▶ **Data extract**:
====================
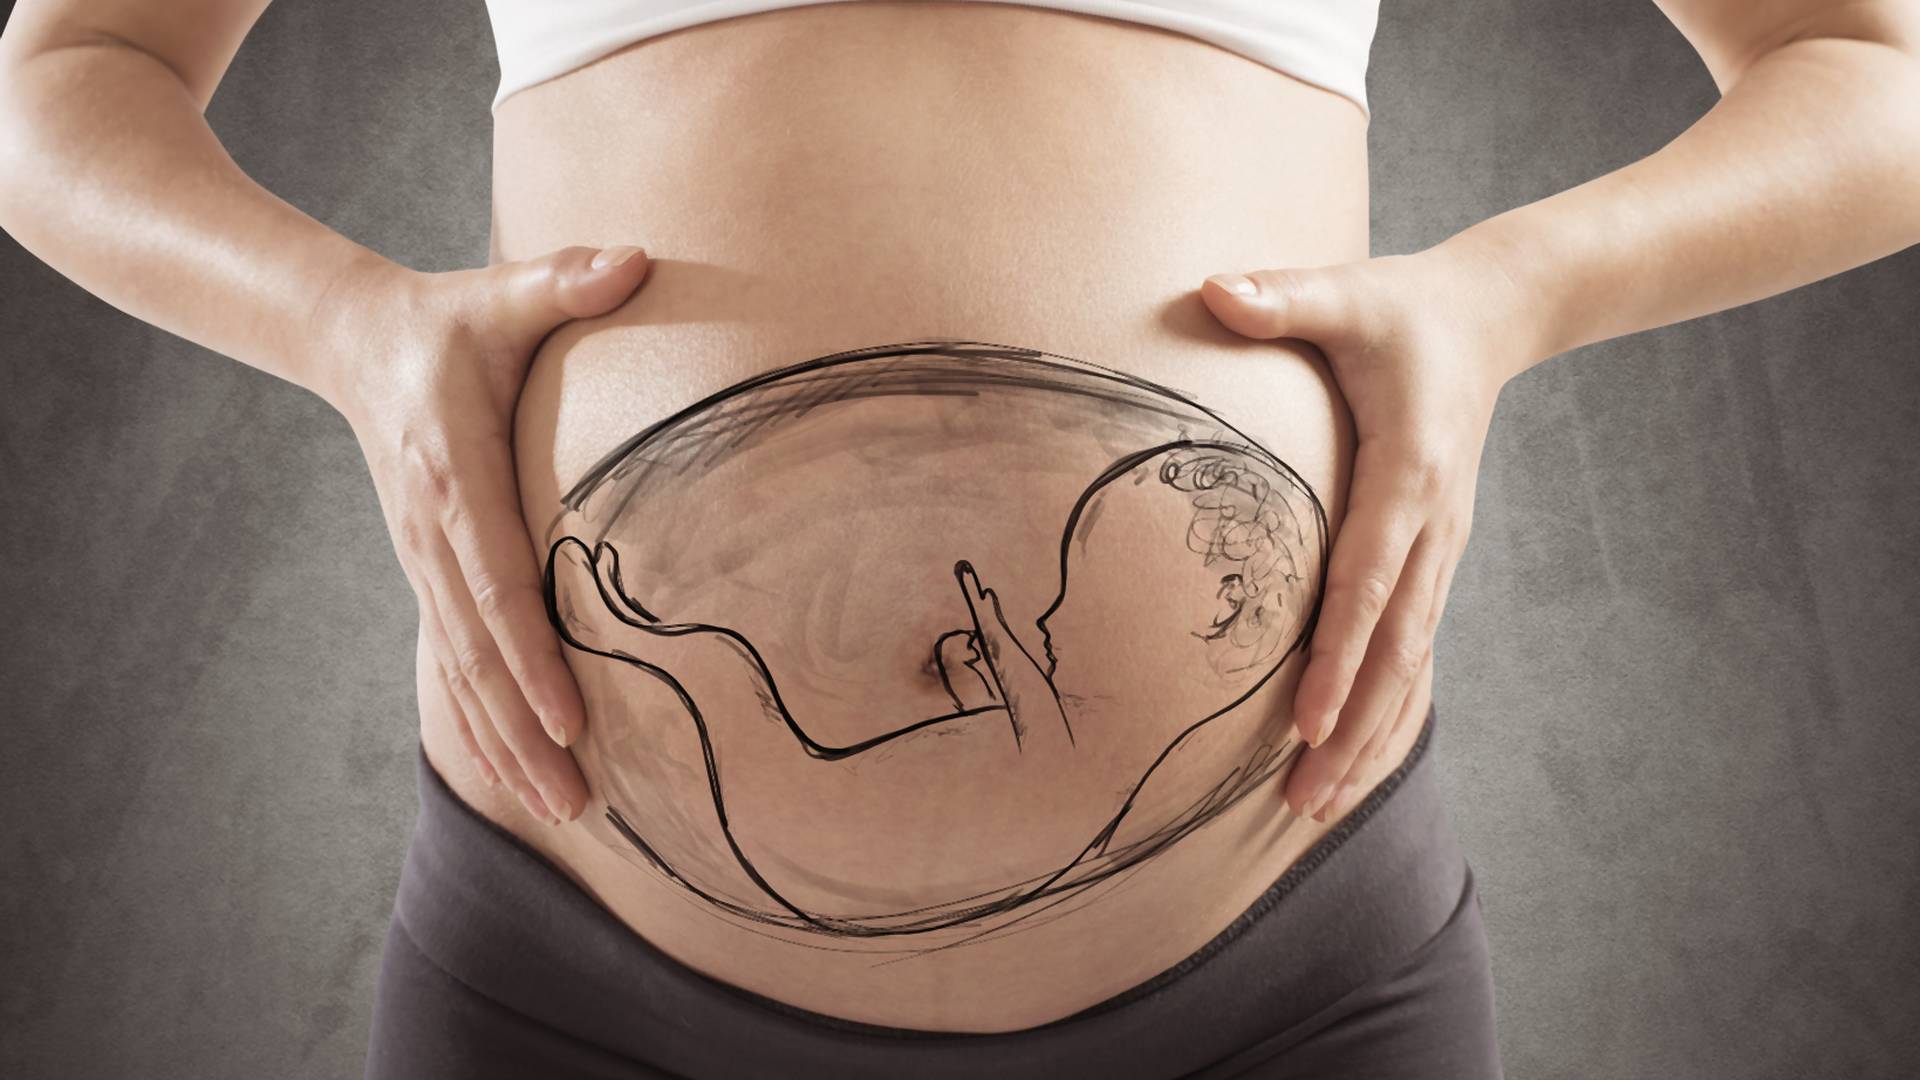 4 tys. zł dla matek, które donoszą ciężko uszkodzony płód. Rządowy projekt ustawy "Za życiem"
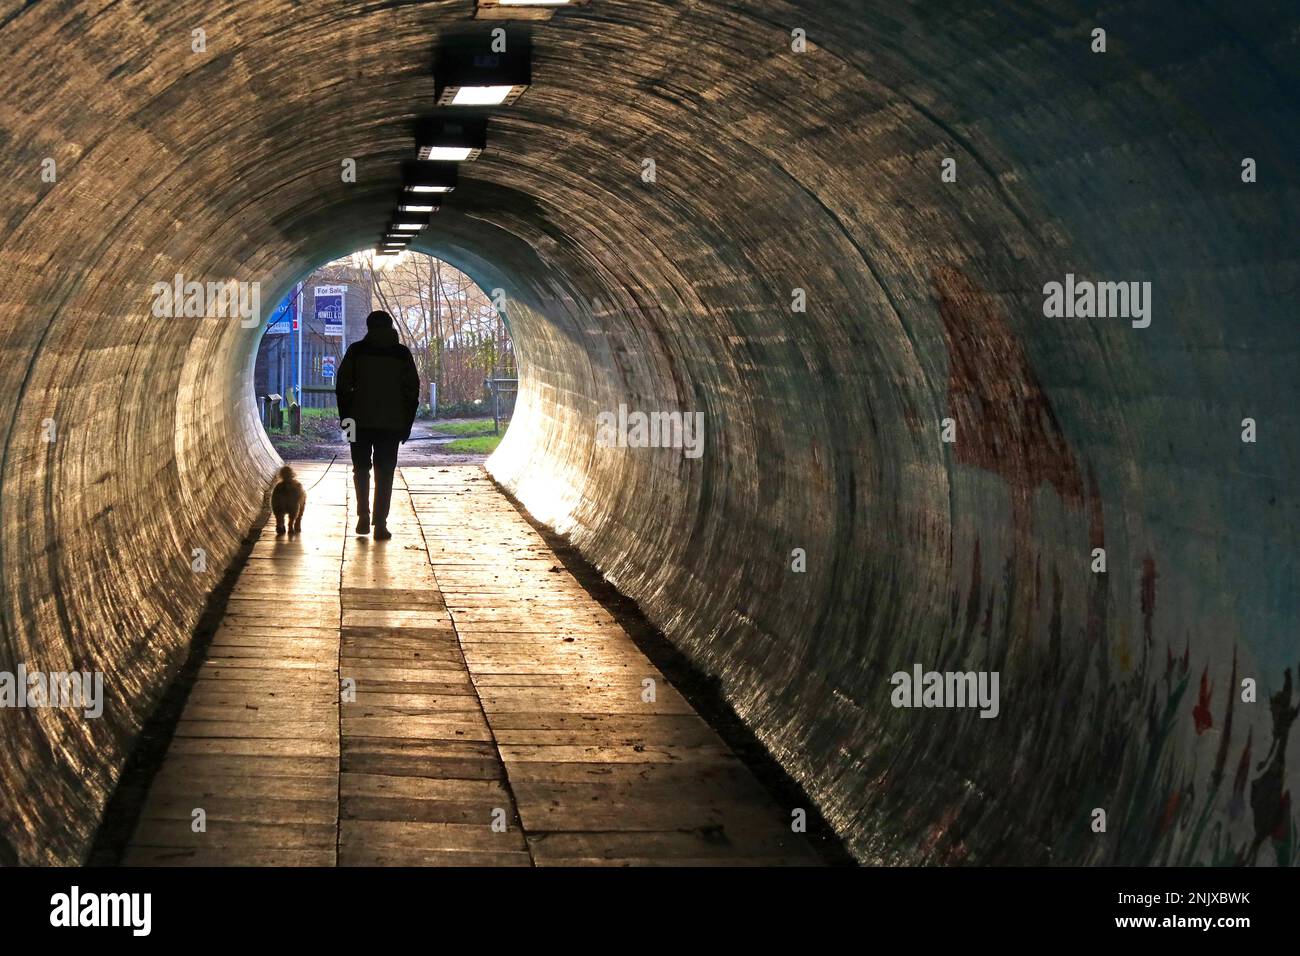 A50 Knutsford Road, tunnel piétonnier de Latchford, avec un homme marchant son chien en tête, South Warrington, Cheshire, Angleterre, Royaume-Uni, WA4 Banque D'Images
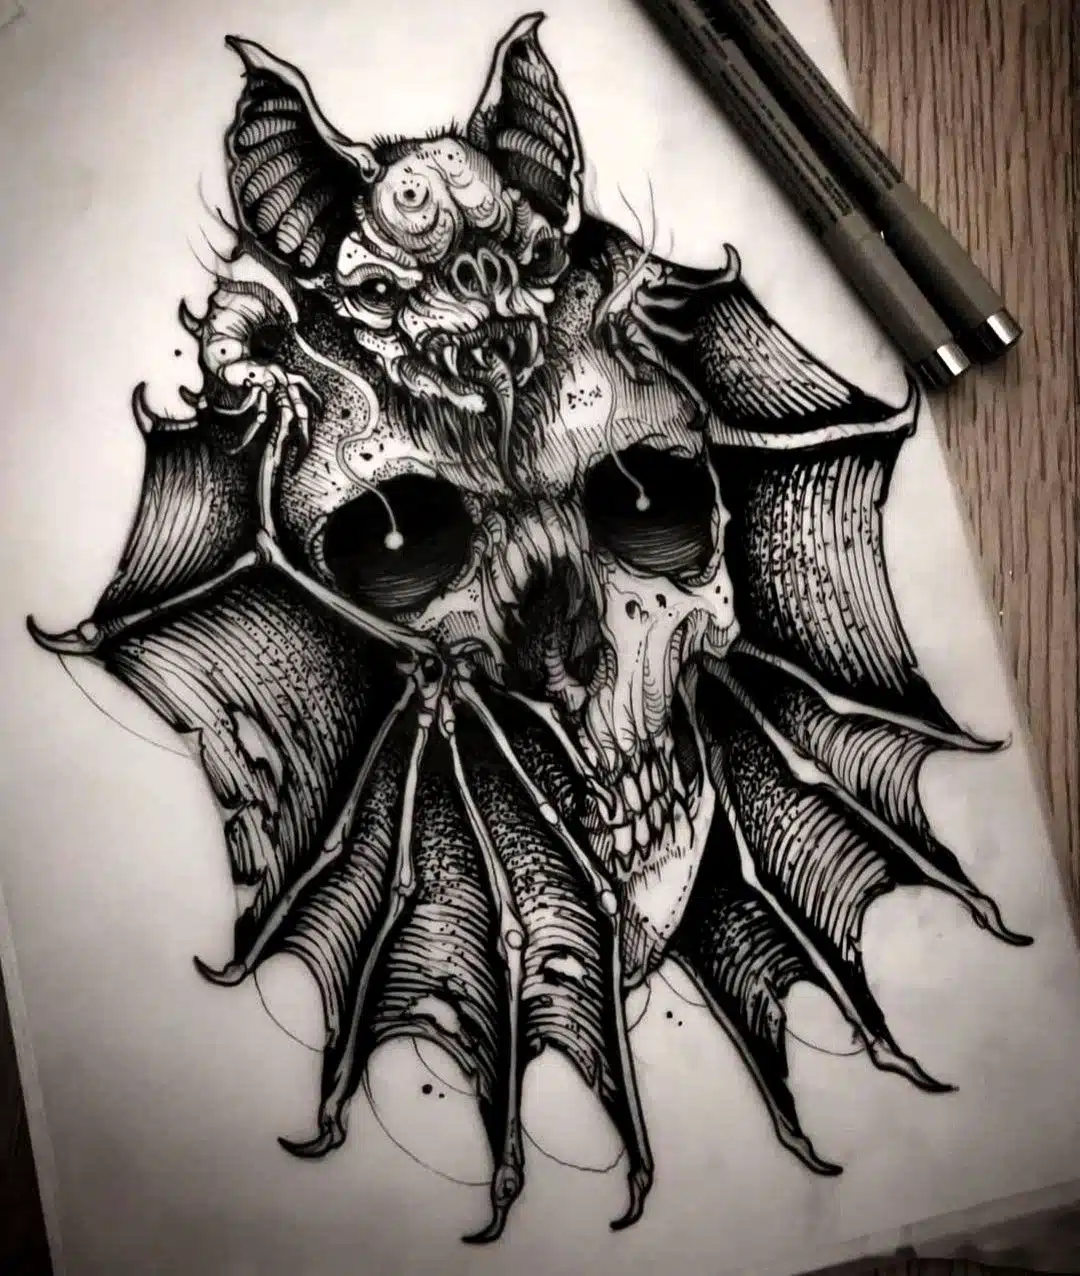 Bat and skull tattoo
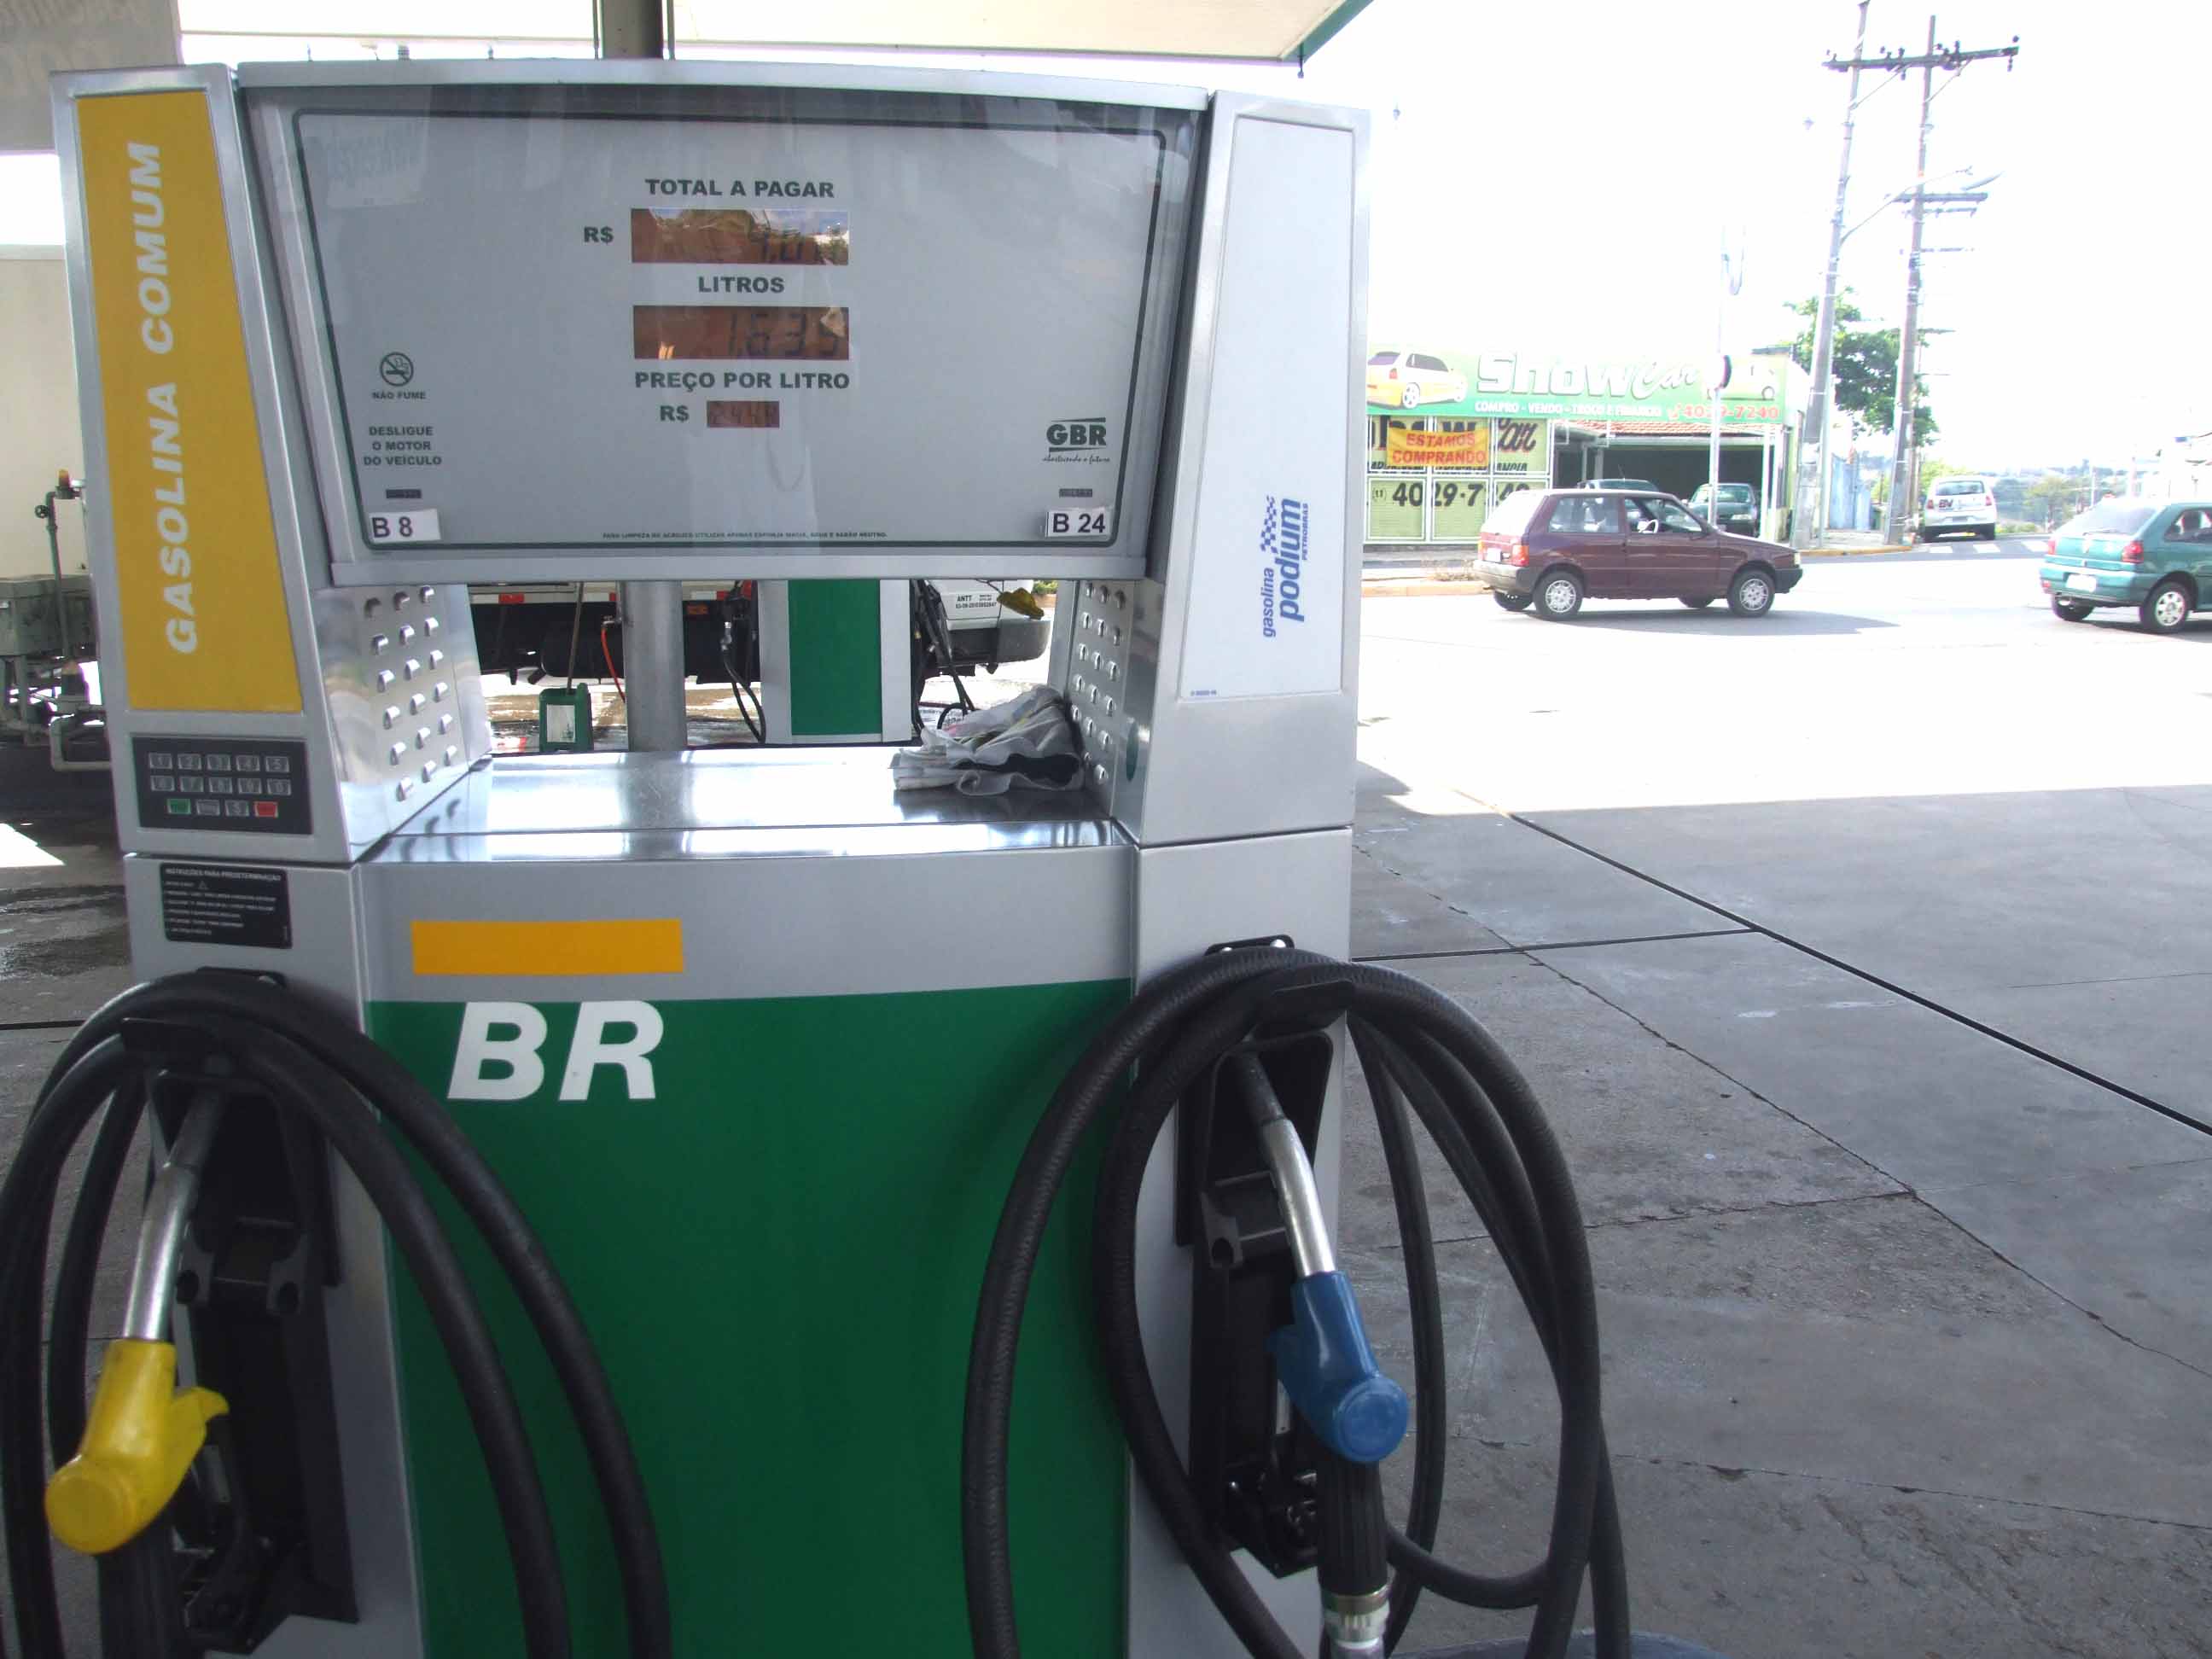 Atualmente, a gasolina comercializada no Brasil está até 30% mais cara que na média dos preços no exterior.
====================
▶ **Aim of the task**:
If the data includes images, omit them, and set down everything else exactly as above.

▶ **Response**:
 4 tys. zł dla matek, które donoszą ciężko uszkodzony płód. Rządowy projekt ustawy "Za życiem"
 A50 Knutsford Road, tunnel piétonnier de Latchford, avec un homme marchant son chien en tête, South Warrington, Cheshire, Angleterre, Royaume-Uni, WA4 Banque D'Images
 Bat and skull tattoo
 Atualmente, a gasolina comercializada no Brasil está até 30% mais cara que na média dos preços no exterior.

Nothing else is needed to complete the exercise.